Dashboard Integration
The LangSight Next.js dashboard uses both monitoring surfaces:
- Polling (existing): SWR fetchers poll REST API endpoints at 5s (health) and 30s (metrics) intervals for page-level data
- SSE (new): The dashboard connects to
GET /api/live/events for instant notifications — span ingestion events trigger session list refreshes and health check events update server status indicators without waiting for the next poll cycle
The Prometheus metrics are not consumed by the dashboard directly.
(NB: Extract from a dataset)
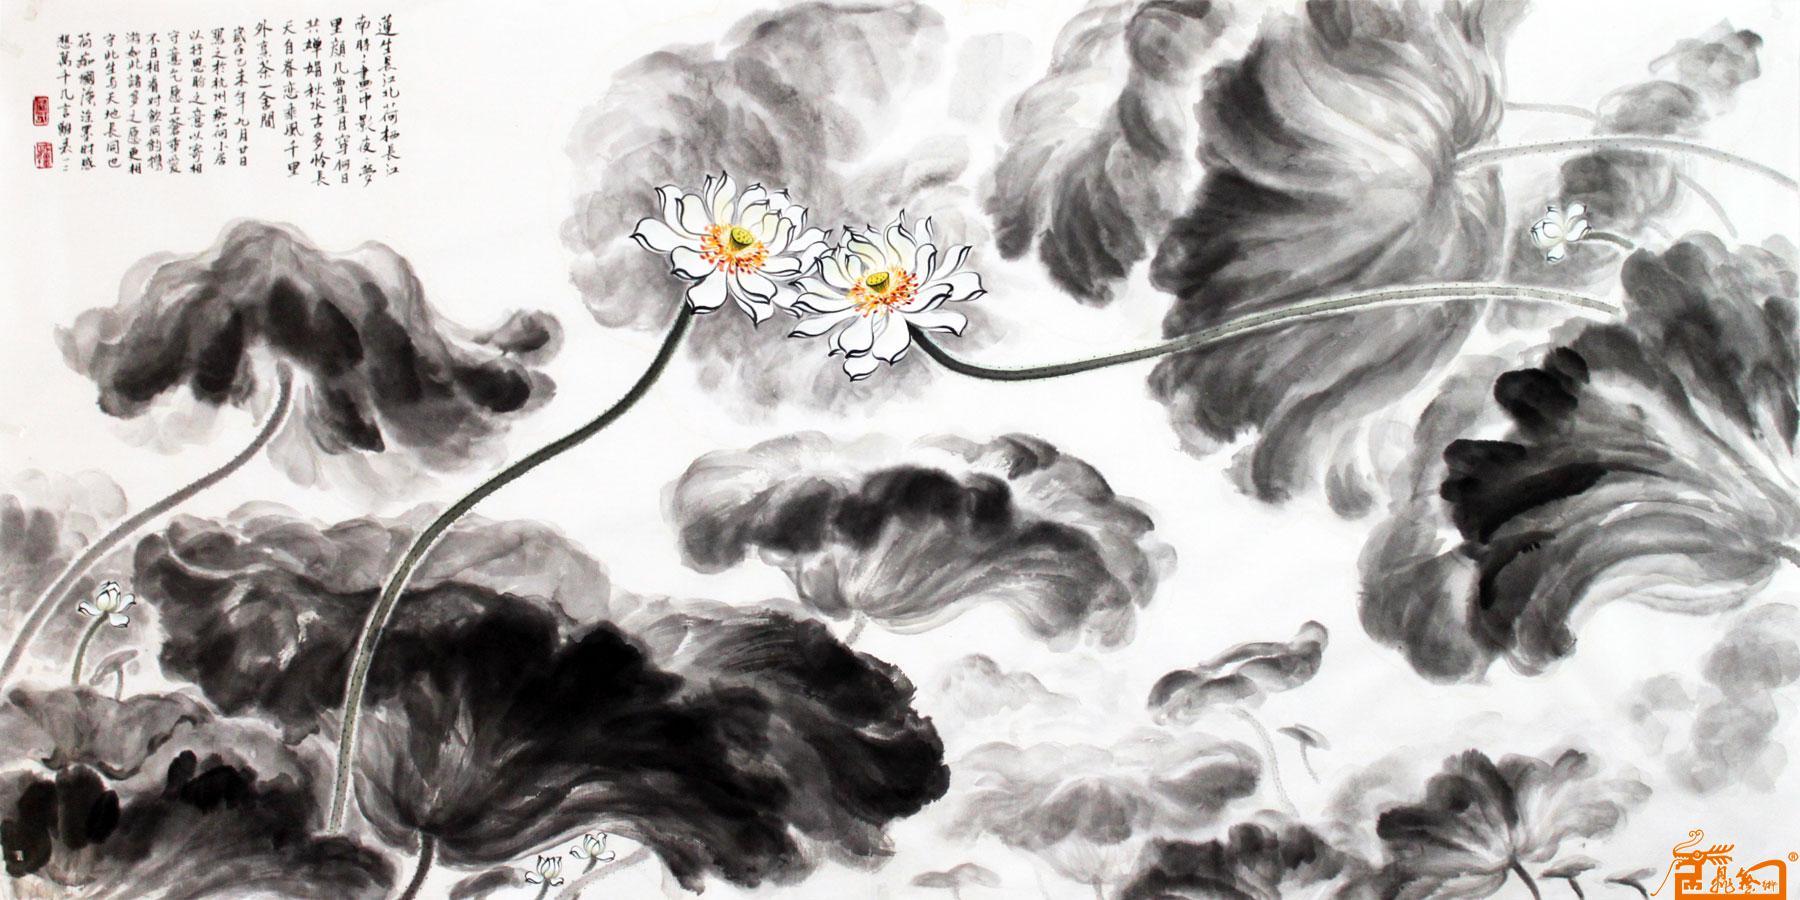 荷花9 -安国强-淘宝-名人字画-中国书画交易中心

They are intended for external monitoring infrastructure (Prometheus, Grafana, Datadog, etc.) to provide infrastructure-level visibility into LangSight itself.
Architecture
Agent frameworks LangSight API Monitoring
──────────────── ────────────── ──────────
CrewAI ──spans──► POST /api/traces/spans
Pydantic AI │ GET /metrics
OpenAI Agents ├── store in ClickHouse │
├── broadcast to SSE ──► GET /api/live/events
│ │
│ ┌──────▼──────┐
│ │ Dashboard │
│ │ (EventSource)│
│ └─────────────┘
│
┌────▼──────┐
│ Prometheus │
│ (scrapes) │
└────┬──────┘
│
┌────▼──────┐
│ Grafana │
│ (visualize)│
└───────────┘
Single-instance limitation
The SSEBroadcaster is an in-memory asyncio pub/sub. Events published on one API instance are not visible to SSE clients connected to a different instance. For single-instance deployments (the default Docker Compose setup), this is not a limitation.
For multi-instance horizontal scaling, a Redis pub/sub layer can be added behind the same SSEBroadcaster interface. This is planned for a future release when horizontal scaling becomes a requirement.